The Mother of the Family

For centuries, mothers have been perceived as the heart of the family. They provide the emotional nurturing and support needed to build a sense of family identity and nurture their children to grow into healthy adults. The idea that the mother is the heart of the family varies across cultures and may not be accurate in all family structures.

From a biological point of view, the family is simply an organism that includes a man, a woman, and their resulting offspring. But from a social and, above all, an emotional point of view, the family is a construction rooted in closeness, empathy, collaboration, and love. The latter requires that women, for centuries subjected to the constraints of cultural traditions and social inertia, rethink their role.

Traditionally, in most countries of the world, a woman could only become a mother if she was married, and birth outside of marriage carried a significant social stigma. However, this is changing radically, and the idea that a single mother can be just as important to her children is becoming more widely accepted.

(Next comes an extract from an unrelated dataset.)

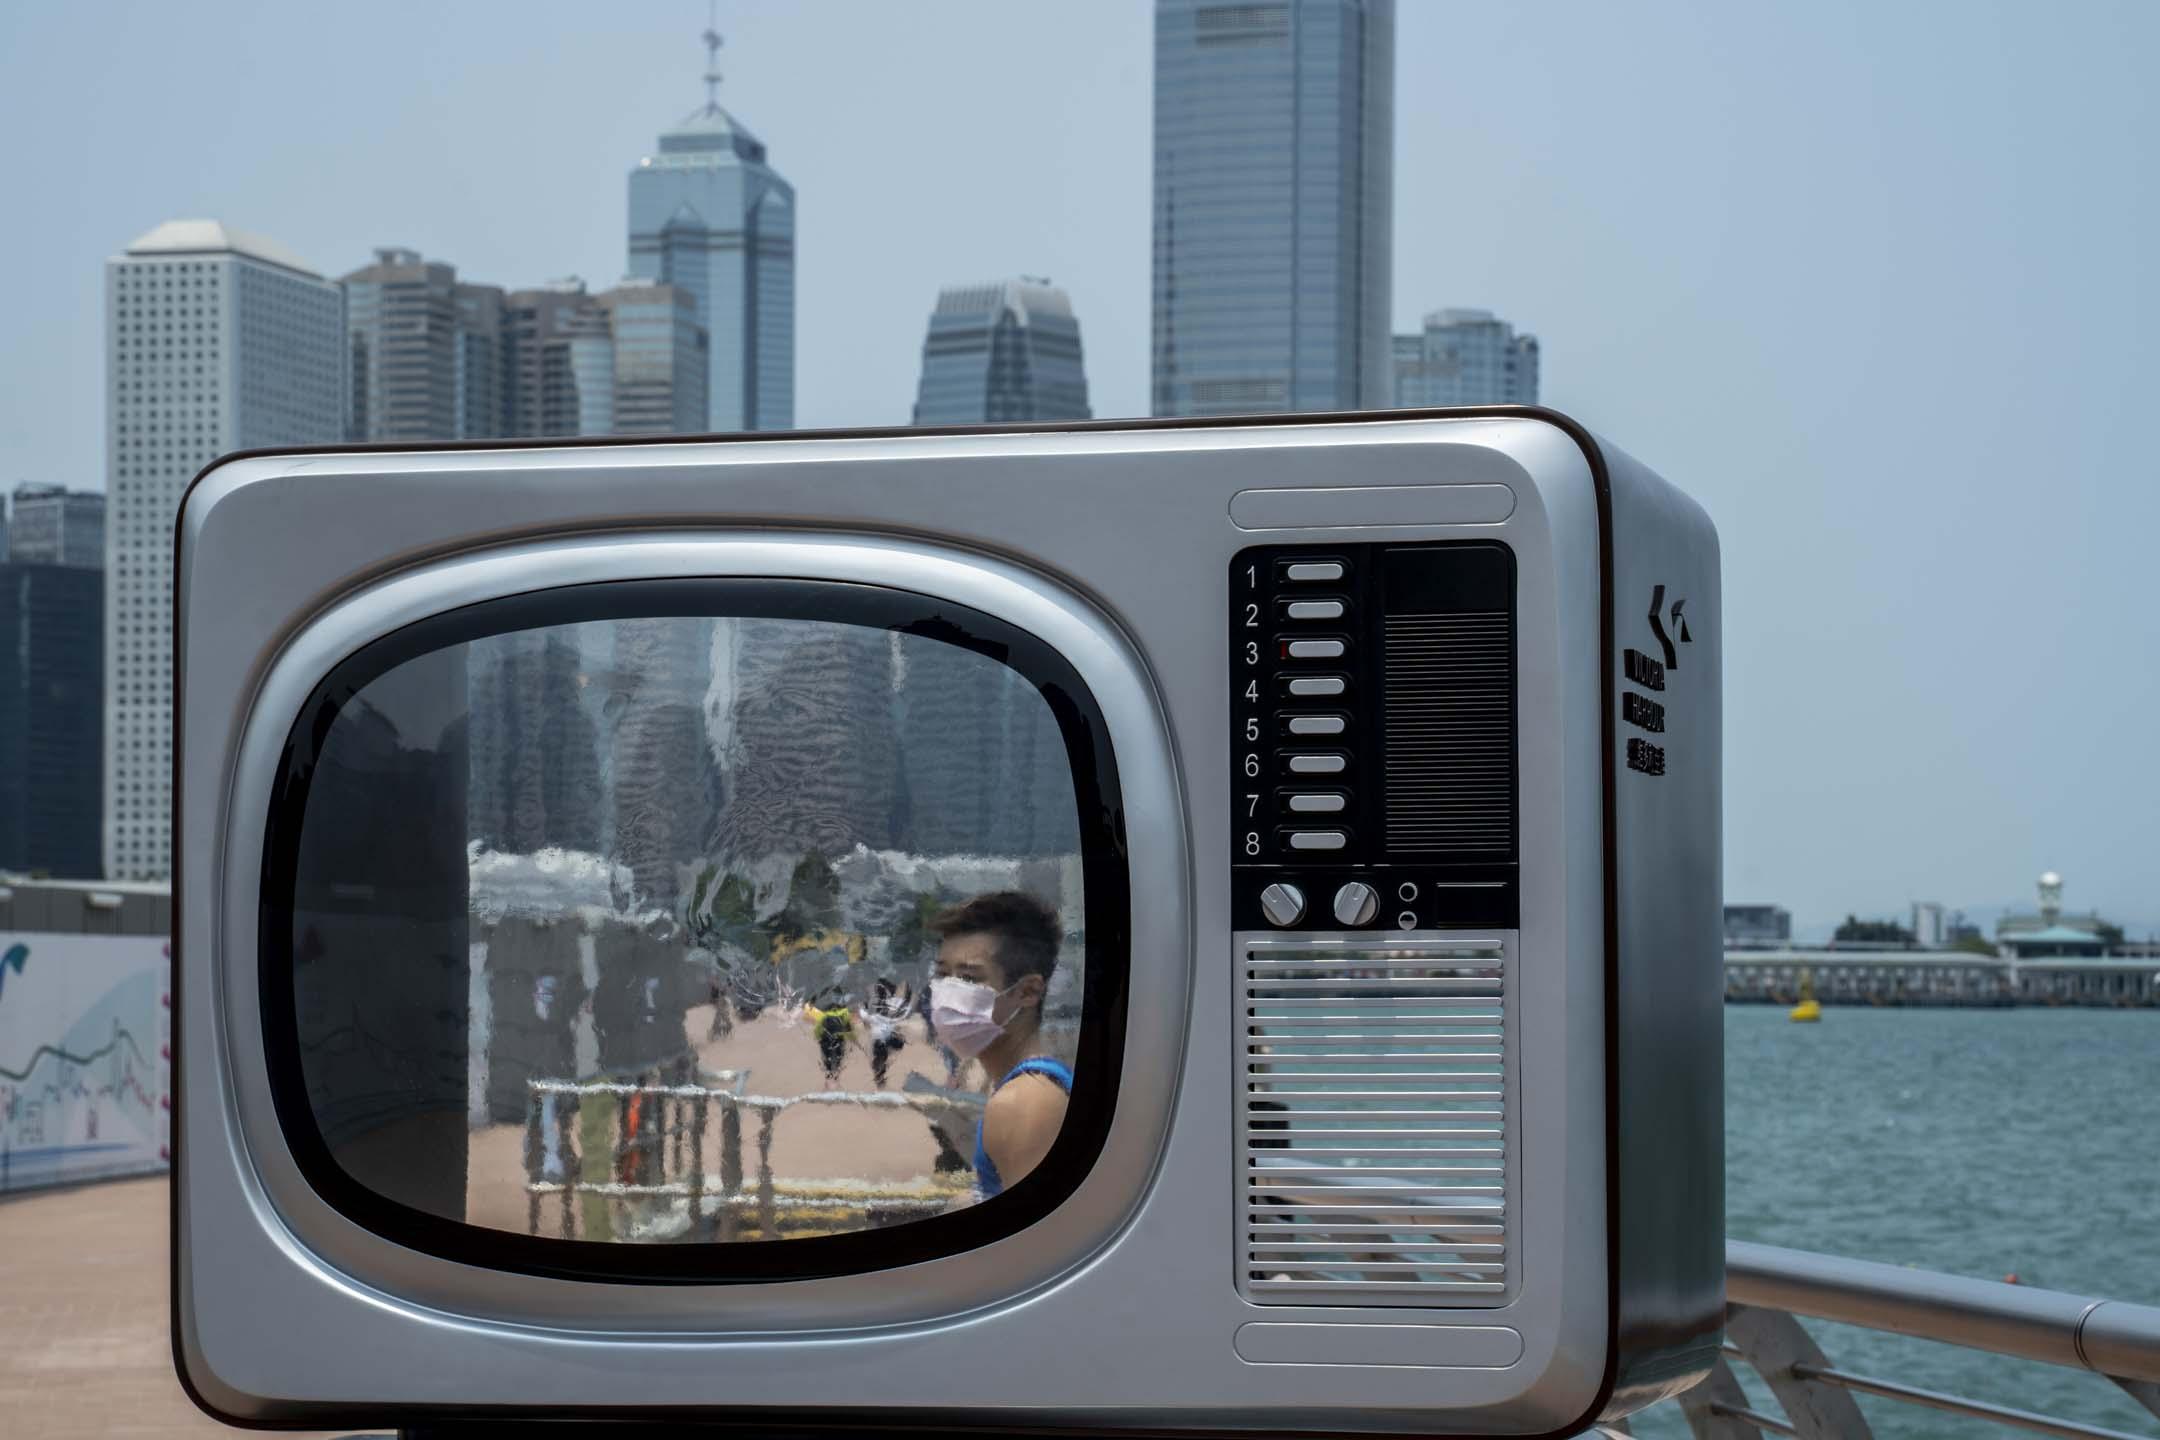 2020年4月10日,香港維港旁的一部電視模型。 攝:林振東/端傳媒
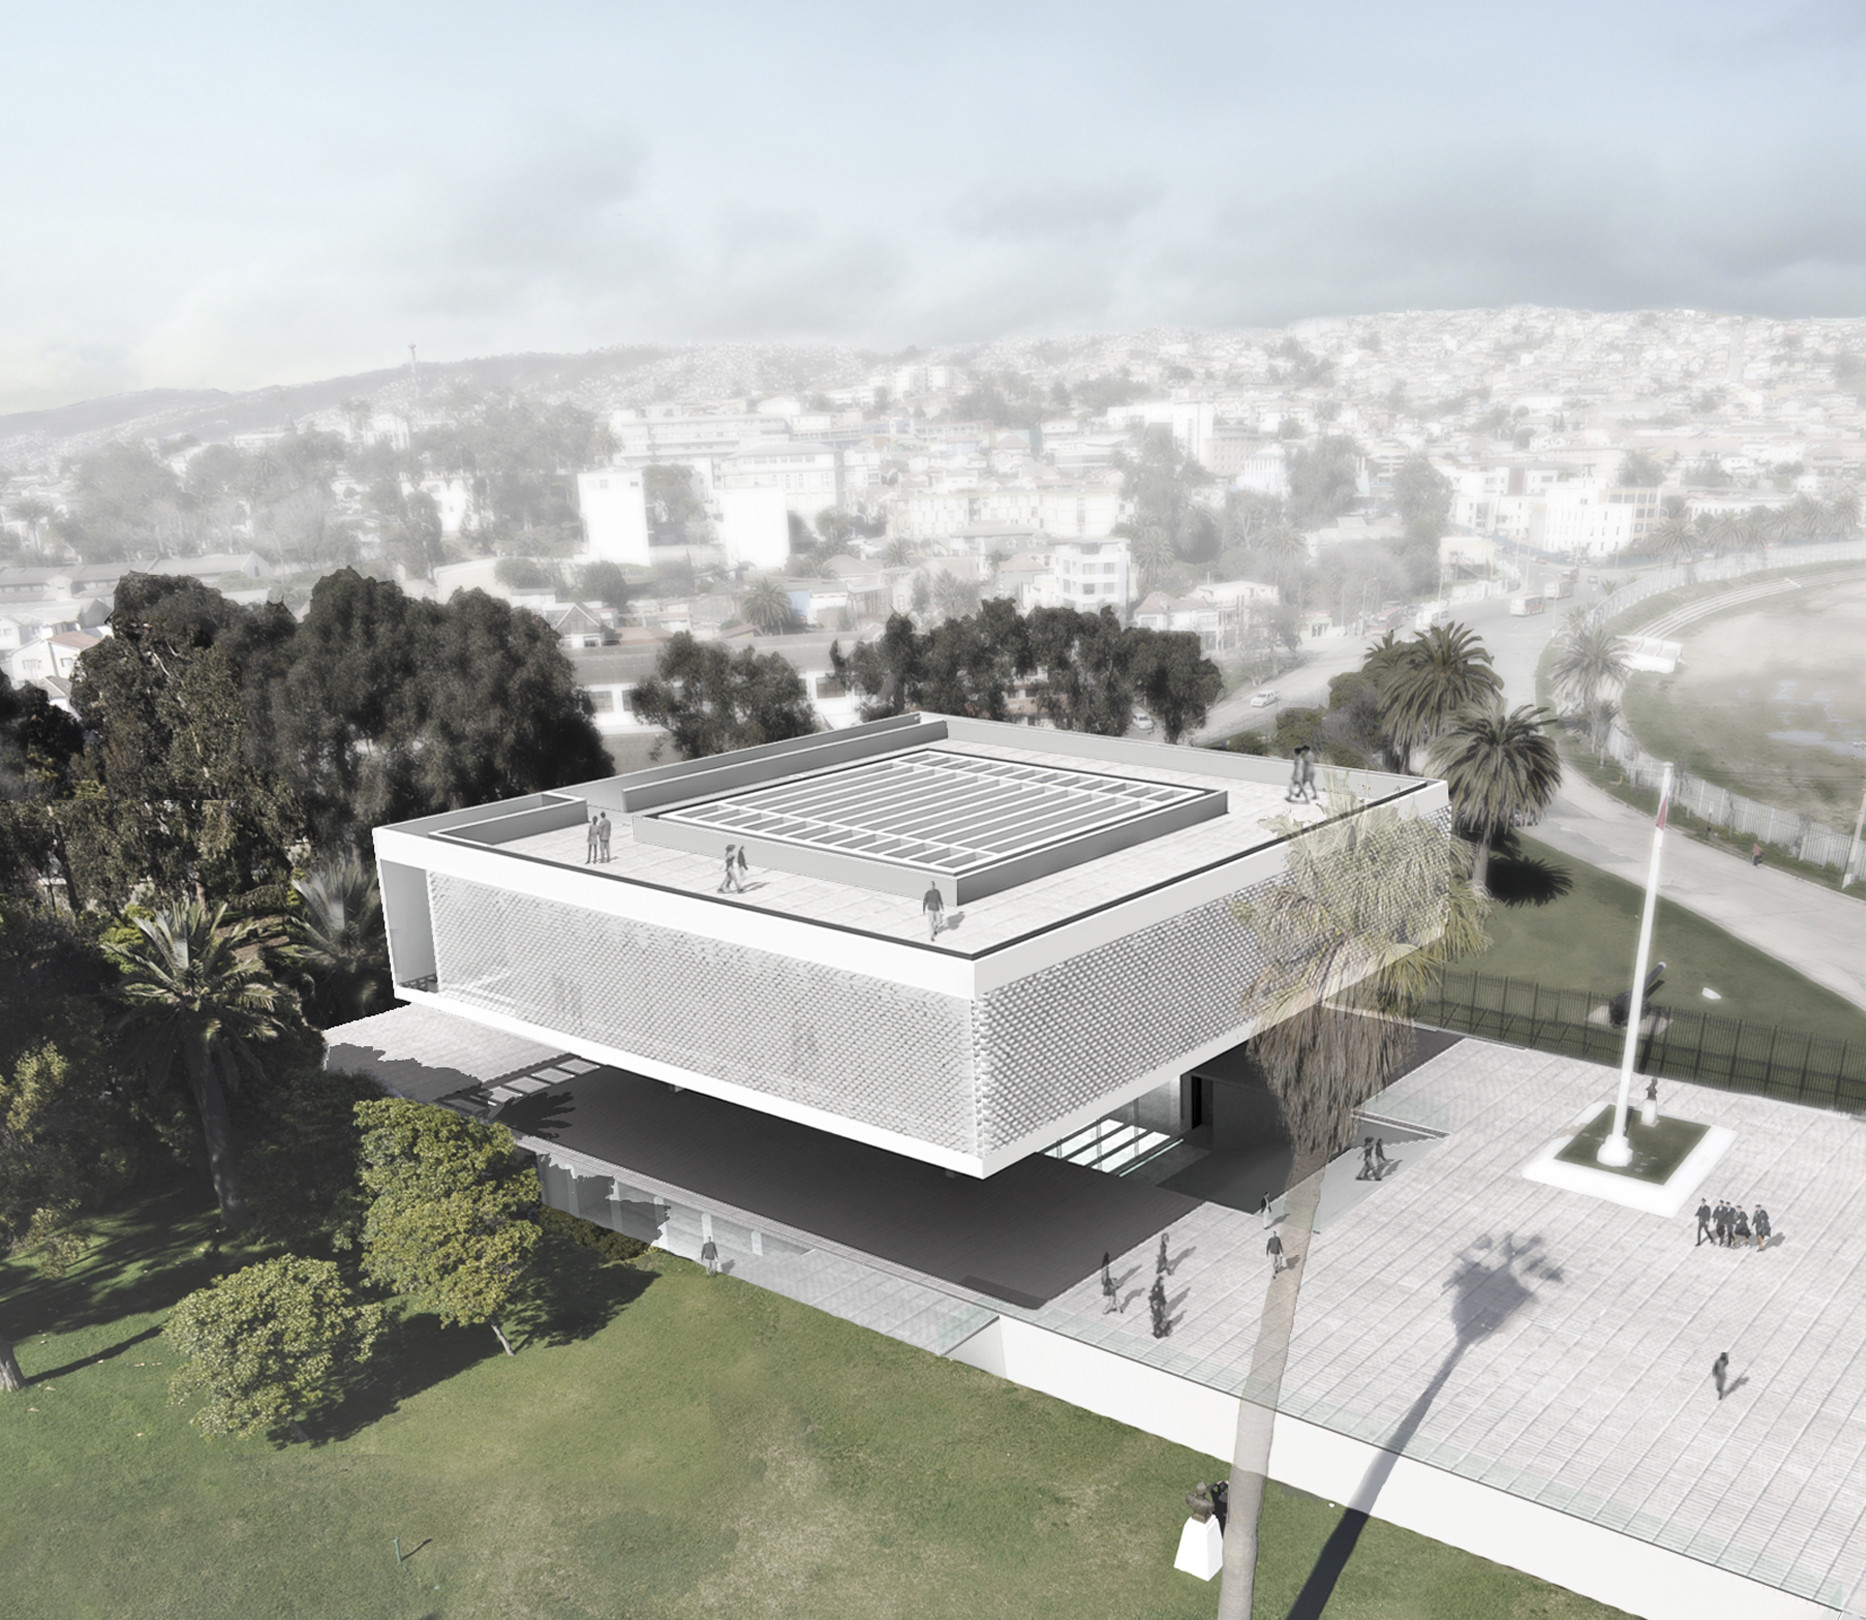 Ganador del concurso aula magna y centro de extensi n for Aulas web arquitectura

Moreover, modern technology makes it possible for women to become pregnant without the help of their partners or, even more remarkably, for couples who are unable to conceive or have children through other means. These new possibilities evidently reformulate, from a biological point of view, the role of the mother and that of the family in general.

The Family Relationships

A person’s relationship with their spouse, children, siblings, and extended family is a significant factor in their well-being. Poor relationships can contribute to anxiety, fear, and helplessness, resulting in depression and low self-esteem. Complex family relationships can take many forms – an overly critical dad, a sibling’s jealousy that causes tension at family functions, or in-laws who mistreat you.

There is growing interest in understanding the role of family relationships in adulthood. Recent studies show that family relationships have a substantial impact on mental and physical health, particularly in older adults. This is especially important given that a significant portion of the population will reach their late years and may need support from family members for caregiving. Future research should pay greater attention to the diversity of family structures, relationship quality, and intersections of social statuses to inform health promotion initiatives.

In adolescence, the quality of a person’s family relationships is influenced by several factors, including emotional abuse, sexual violence, parental neglect, and parental alcohol use during pregnancy (fetal alcohol spectrum disorder, FASD). However, most of these issues can be resolved with intervention. Moreover, many things that happened in the past have had lasting impacts on family relationships. For example, if an explosive argument between you and your son remains unresolved, he may continue to resent you even after you have both moved on.